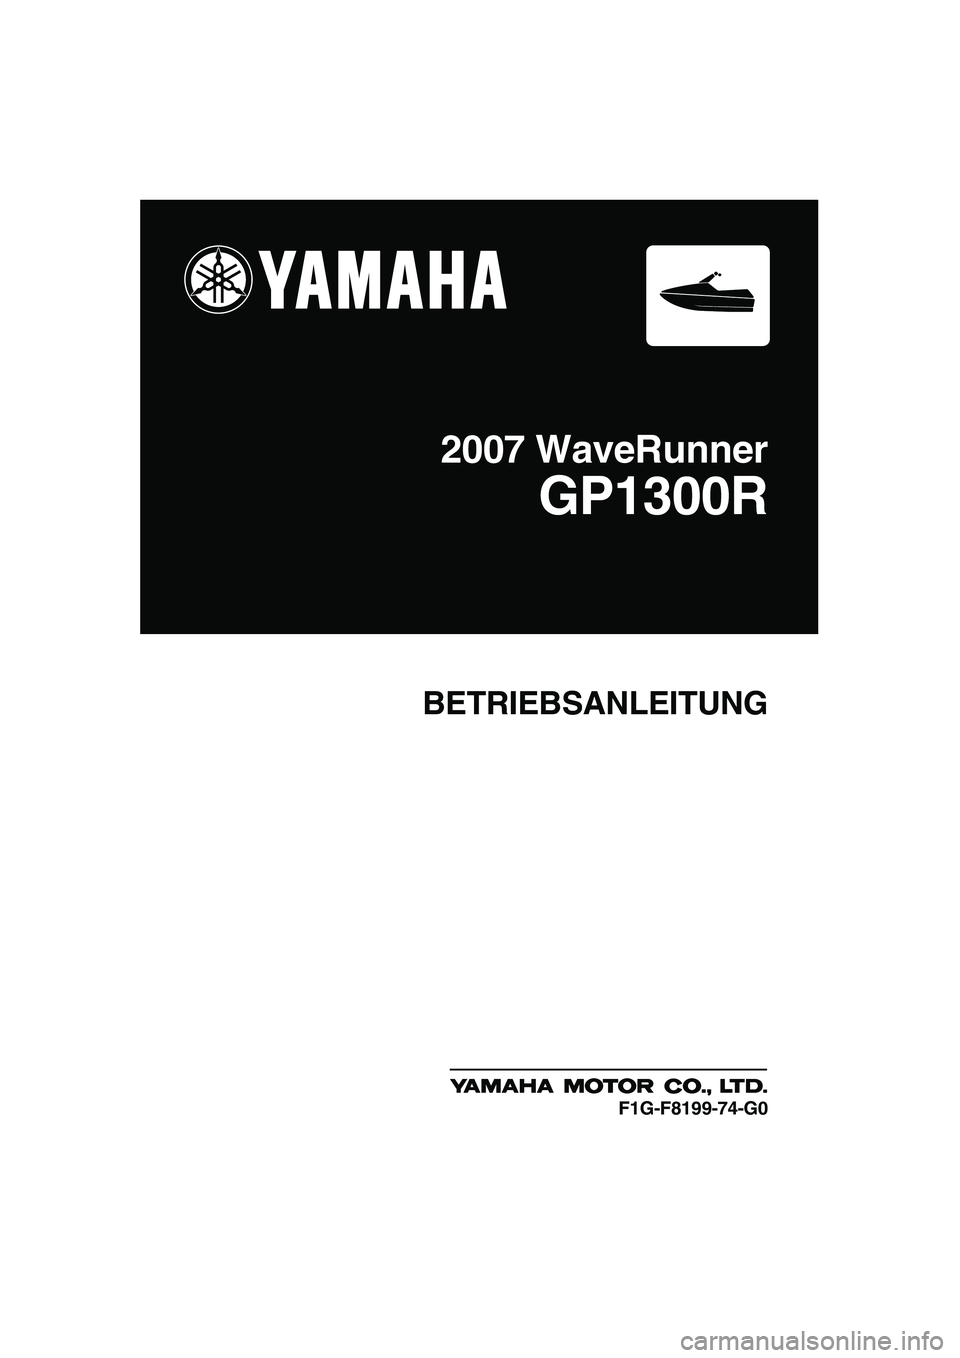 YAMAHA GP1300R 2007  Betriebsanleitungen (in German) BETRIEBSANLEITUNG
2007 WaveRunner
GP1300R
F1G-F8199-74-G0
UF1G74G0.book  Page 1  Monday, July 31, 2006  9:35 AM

* * *

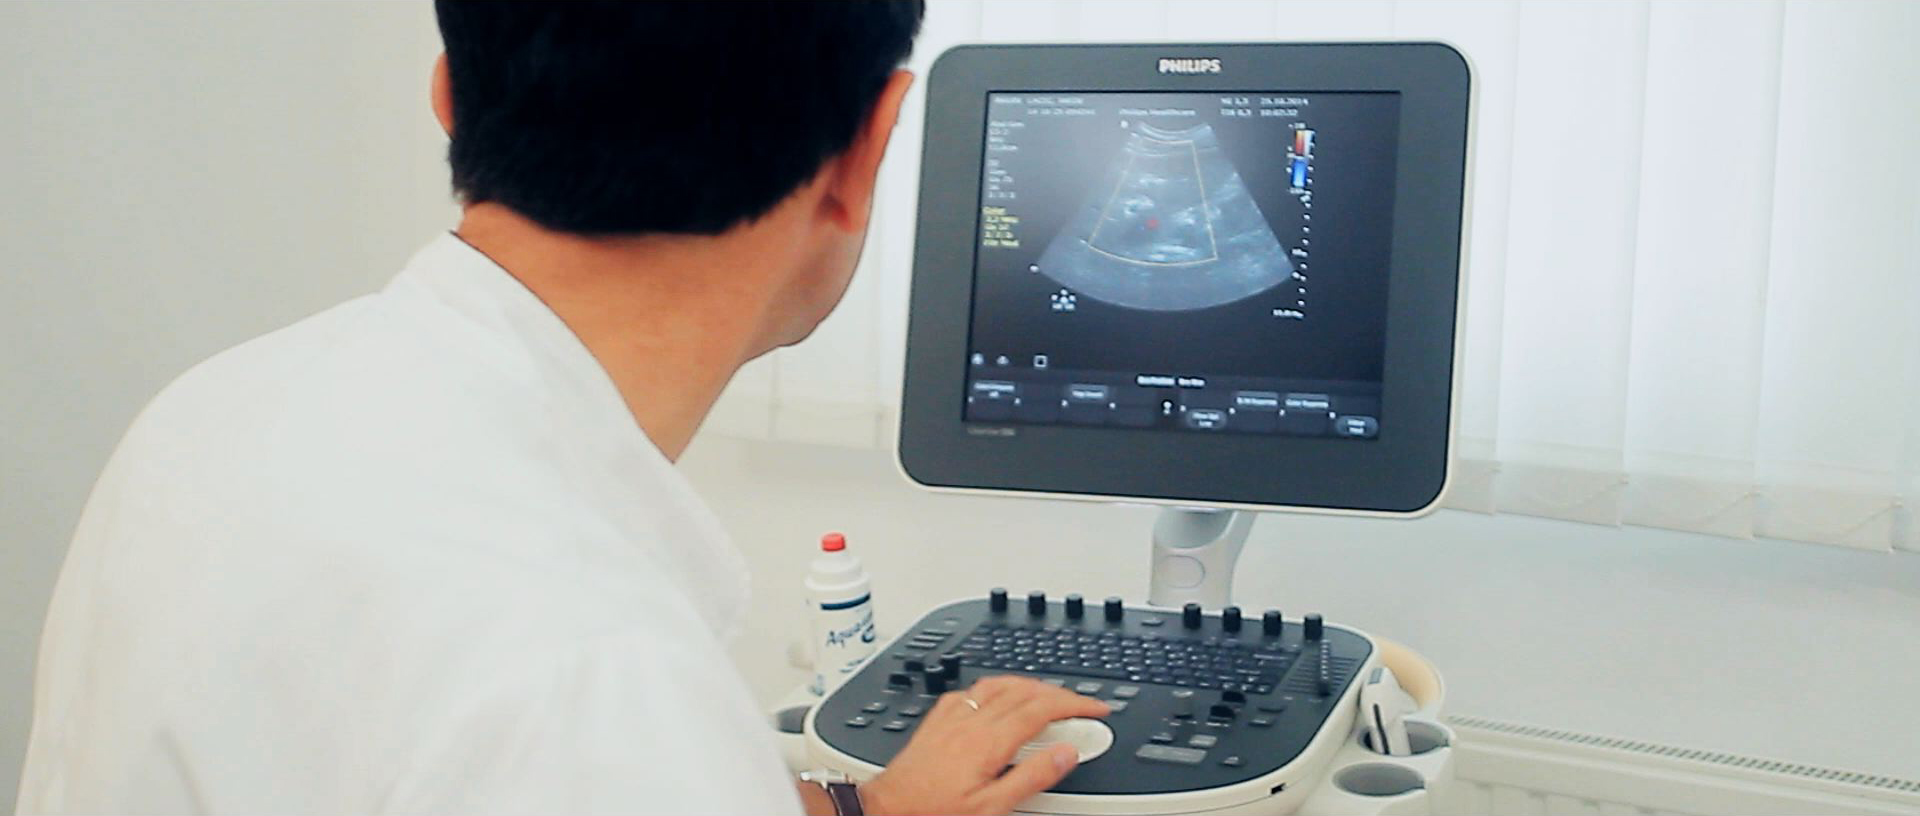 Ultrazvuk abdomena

About this exercise.
Reproduce exactly the lines above that run from the one with "YAMAHA GP1300R 2007" to the one with "July 31, 2006", both included, leaving pictures out.

Result below.
 YAMAHA GP1300R 2007  Betriebsanleitungen (in German) BETRIEBSANLEITUNG
2007 WaveRunner
GP1300R
F1G-F8199-74-G0
UF1G74G0.book  Page 1  Monday, July 31, 2006  9:35 AM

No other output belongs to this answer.